(Уха – Uha – oo ha)
This has always been one of those hard to explain foods when it came to getting my American friends to try it, but it has been a hit every time.
Traditionally, the stock for Uha is cooked low and slow over the course of a few hours using fish heads, bones and tails. However, this is definitely the way to make sure your entire house smells like you’ve been working outside at the fish docks all day, in the middle of the Southern heat. Not cute. So in order to avoid any smells of the ocean filling your home, we cook the fish towards the end. Whilst the stock isn’t a rich fish stock, it still gets a good bit of that seafood flavor in it, but without having to air the house out afterwards.
There was a running joke growing up in a building in NYC, that you were able to tell if you had other Russians living on the same floor when you could smell the fish broth disseminating throughout the hallways.
INGREDIENTS :
- 2 Salmon steaks (or 1 steak and 1LB shrimp ; peeled and deveined)
- 1 large carrot, grated
- 2 large russet potatoes, peeled and sliced
- 2-3 TB dill, chopped
- 4-6 allspice berries
- 3-4 bay leaves
- 4 scallion stalks , chopped (more if preferred)
- 1 TB butter
- 1 TB sour cream (optional)
STEPS :
- Fill a pot 3/4 of the way full, salt well and bring to a boil. Choose a pot size to your liking, but also so that it fits all the ingredients. I typically go with medium to large pots for soups.
- Once water is boiling, add in your grated carrots and allow them to cook for 3-5 minutes. You should also toss in your allspice berries and bay leaves at this time.
- While the carrots are cooking, cut your salmon into cubes roughly 1″ thickness. Set the salmon cubes aside for now.
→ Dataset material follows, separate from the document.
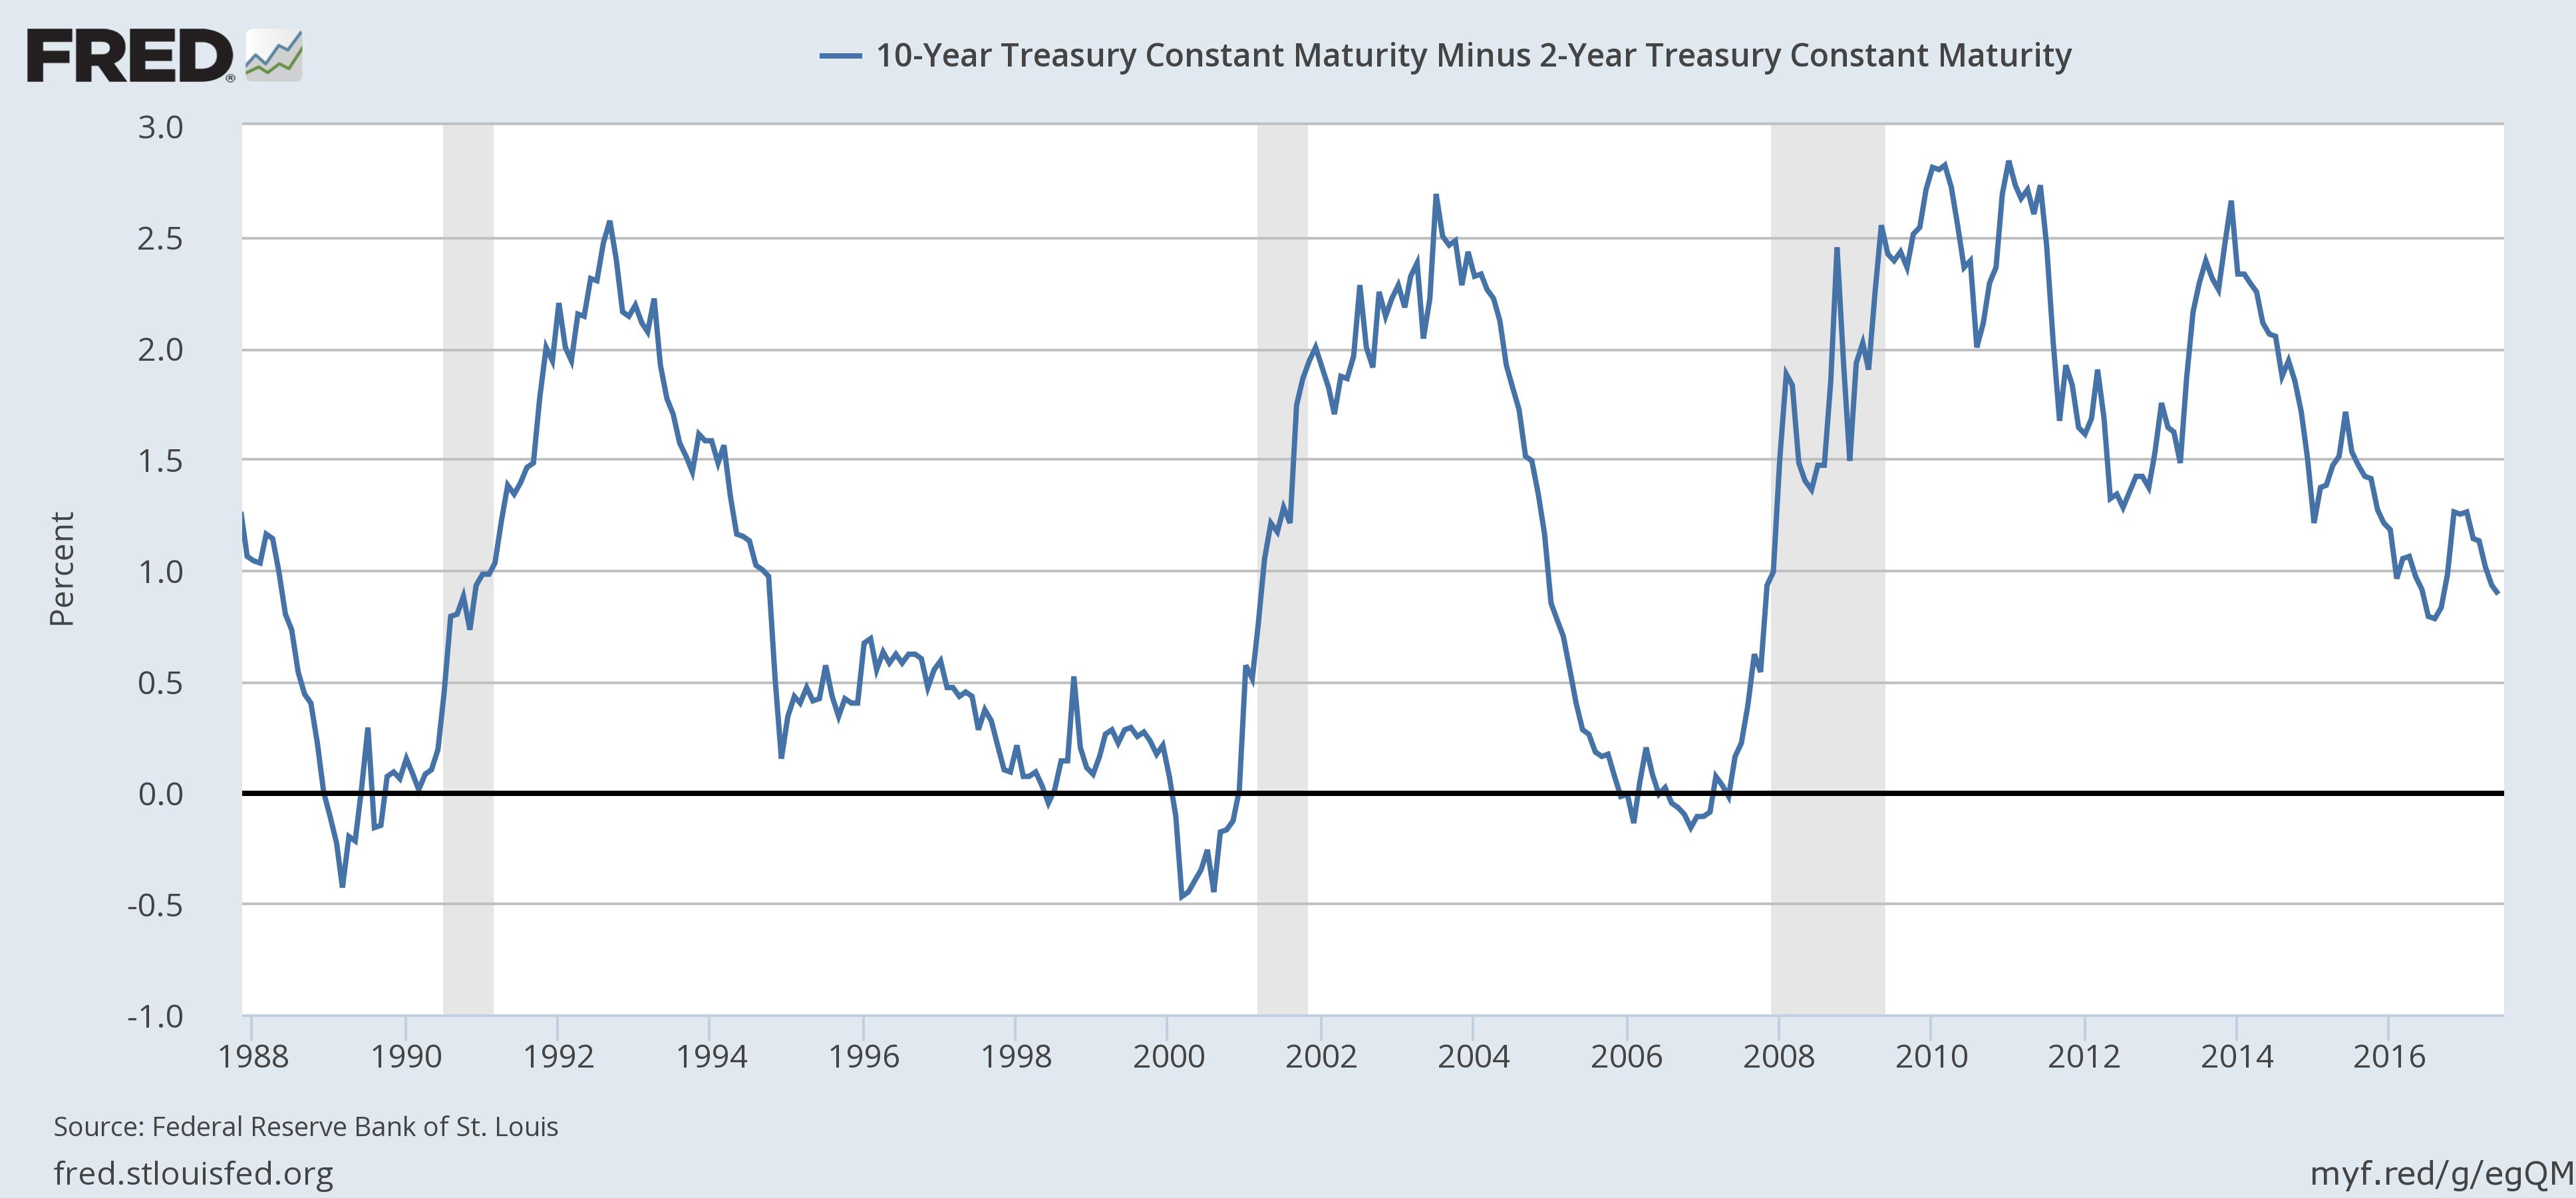 10 - Year Treasurt Constant Maturity Minus 2 - Year Treasury Constant Maturity

- Add the potatoes to your boiling water and cook for 5-7 minutes, until potatoes are almost fully cooked through. You can check on their doneness level by lifting some out of the water and poking them with a knife. If they are rubbery or hard, cook longer. Once they begin breaking when being poked, you’ll know they’re nearing being fully cooked.
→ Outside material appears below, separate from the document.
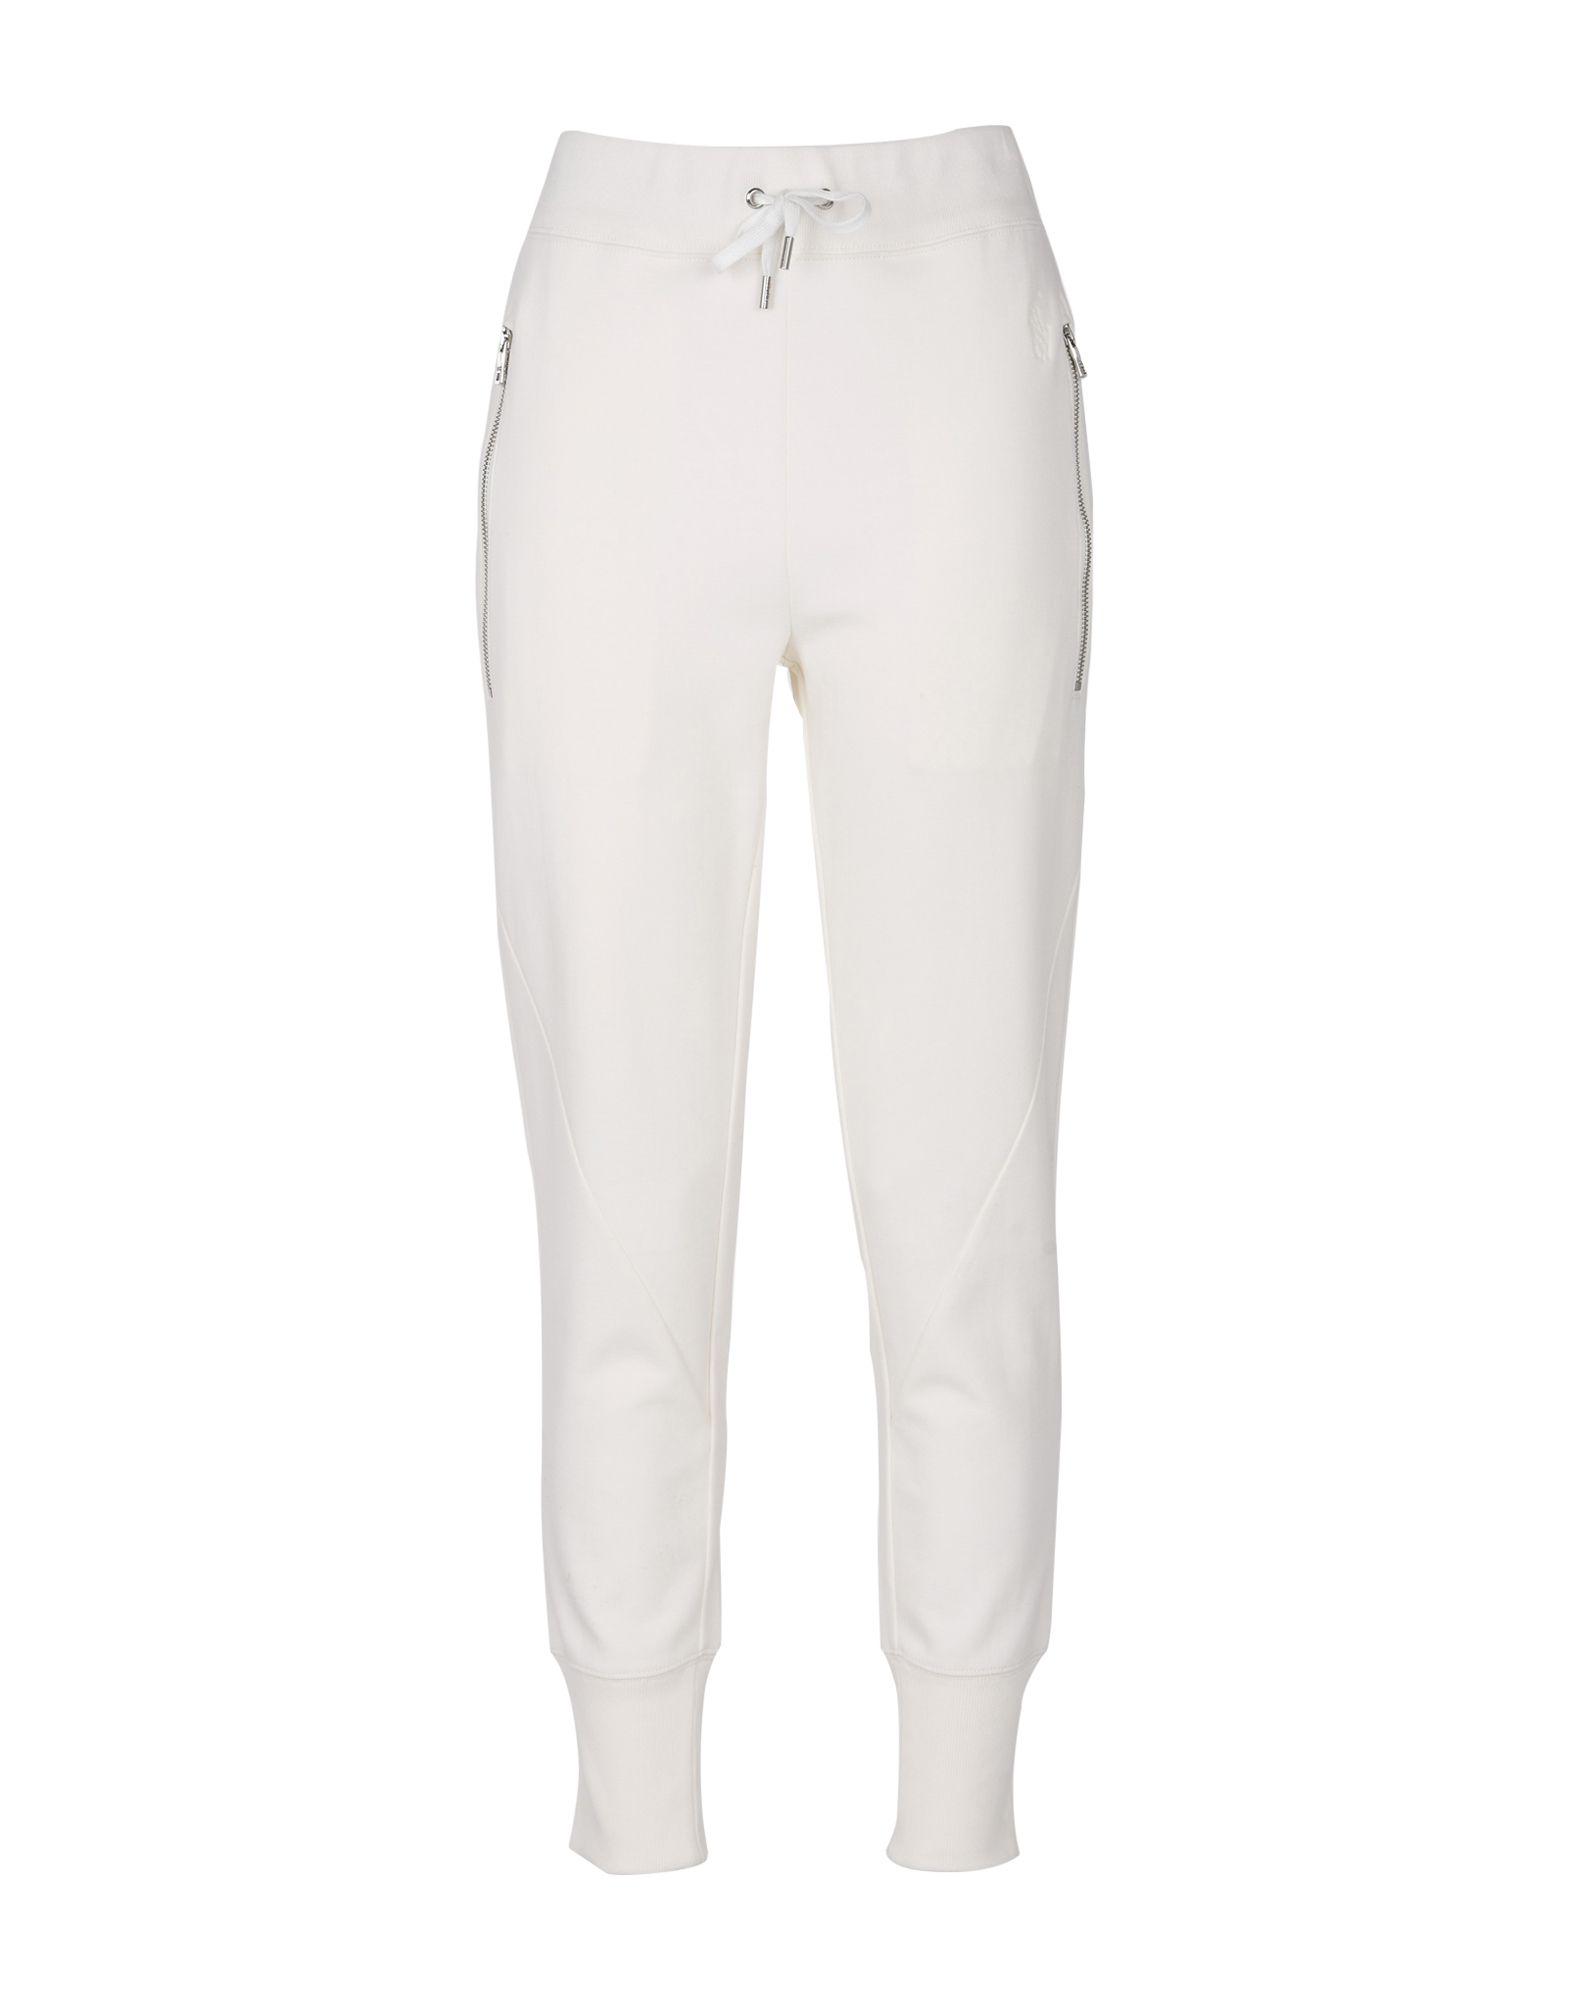 Pantalone Polo Ralph Lauren Donna - Acquista online su NI3TK

- Once your potatoes are nearly done, add the salmon cubes to your pot (and shrimp, if you’d like) and cook for an additional 5 minutes.
- Once your seafood is cooked, add in your chopped fresh herbs and a tablespoon of butter. Turn off heat and cover your pot with a lid and let everything sit for 10-15 minutes. Then mix it all up.
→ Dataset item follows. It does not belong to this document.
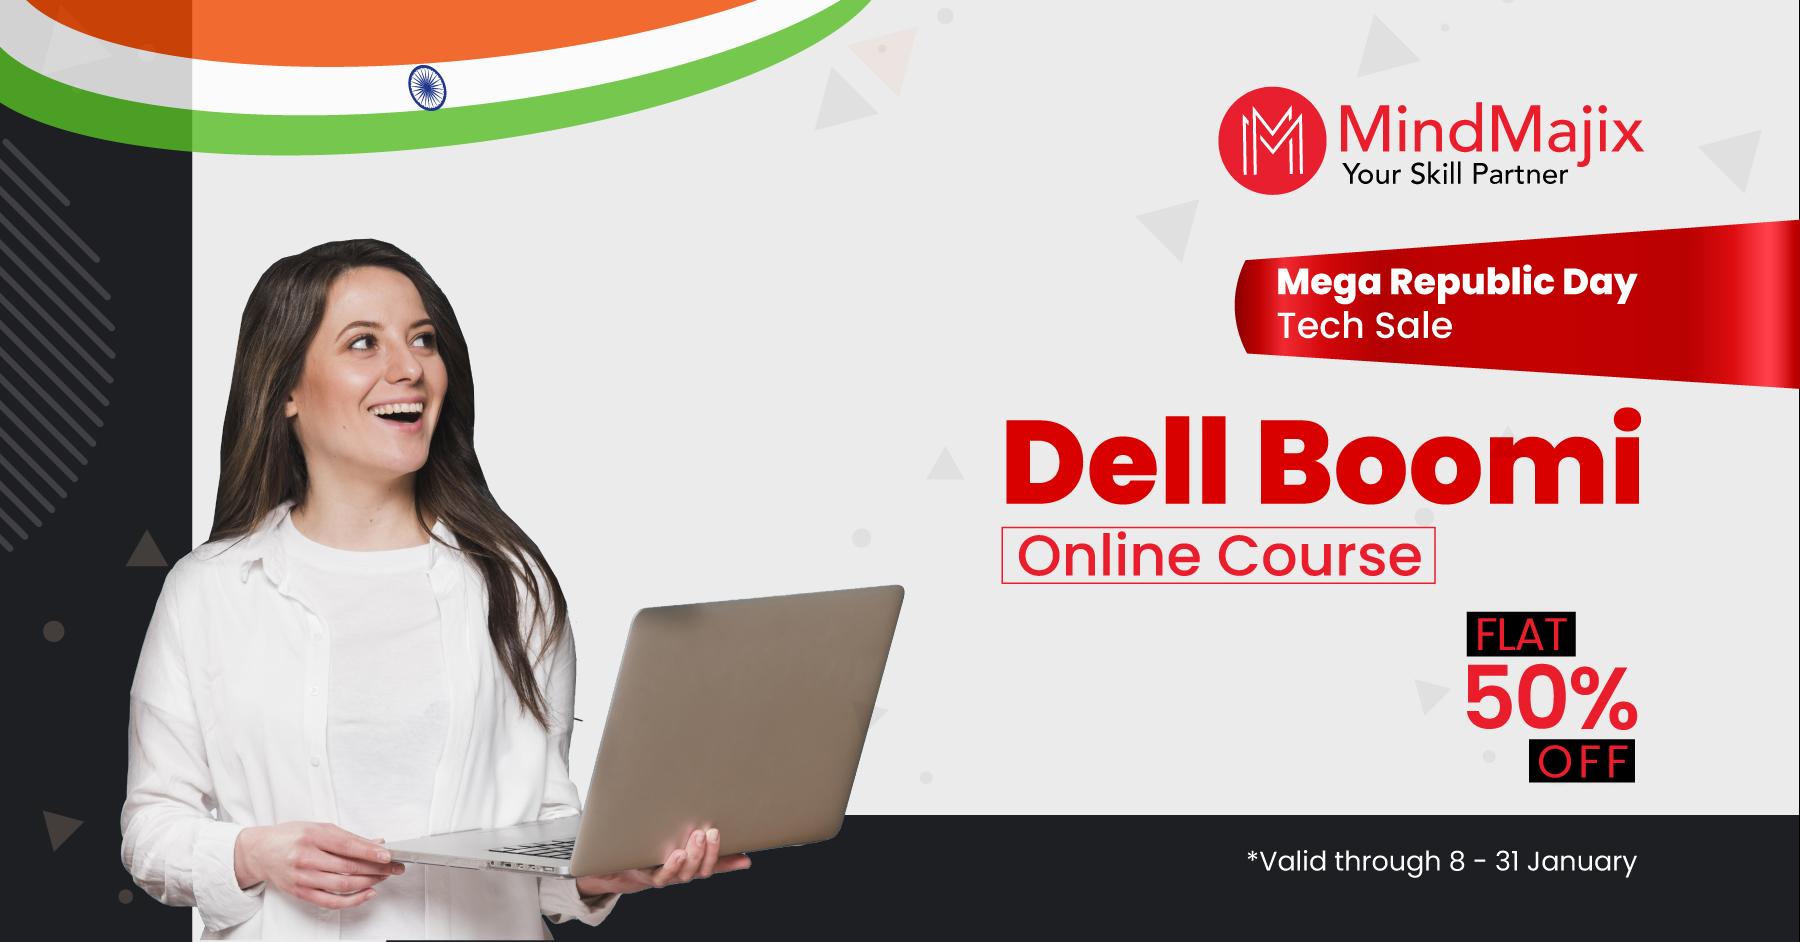 Dell Boomi Mega Republic Day Tech Sale Offer

- Add a dollop of sour cream on top, if desired.. and trust me, it should be desired.
WHY THE BUTTER?
My mom always taught me that the way to add an extra little oomph to “light” soups, is by adding that little bit of buttery goodness at the very end and letting it incorporate itself into the soup base. Butter is full of vitamins (Vitamins A, D, E and K2) along with calcium, CLA (conjugated linoleic acid – which can help with metabolism, lowering body fat, and has anti-cancer properties),butyrate (can improve gut function), anti-oxidants and anti-stiffness factors that can help prevent joint calcification, cataracts and hardening of the arteries.
Basically, butter is not only delicious, it’s also GOOD for you.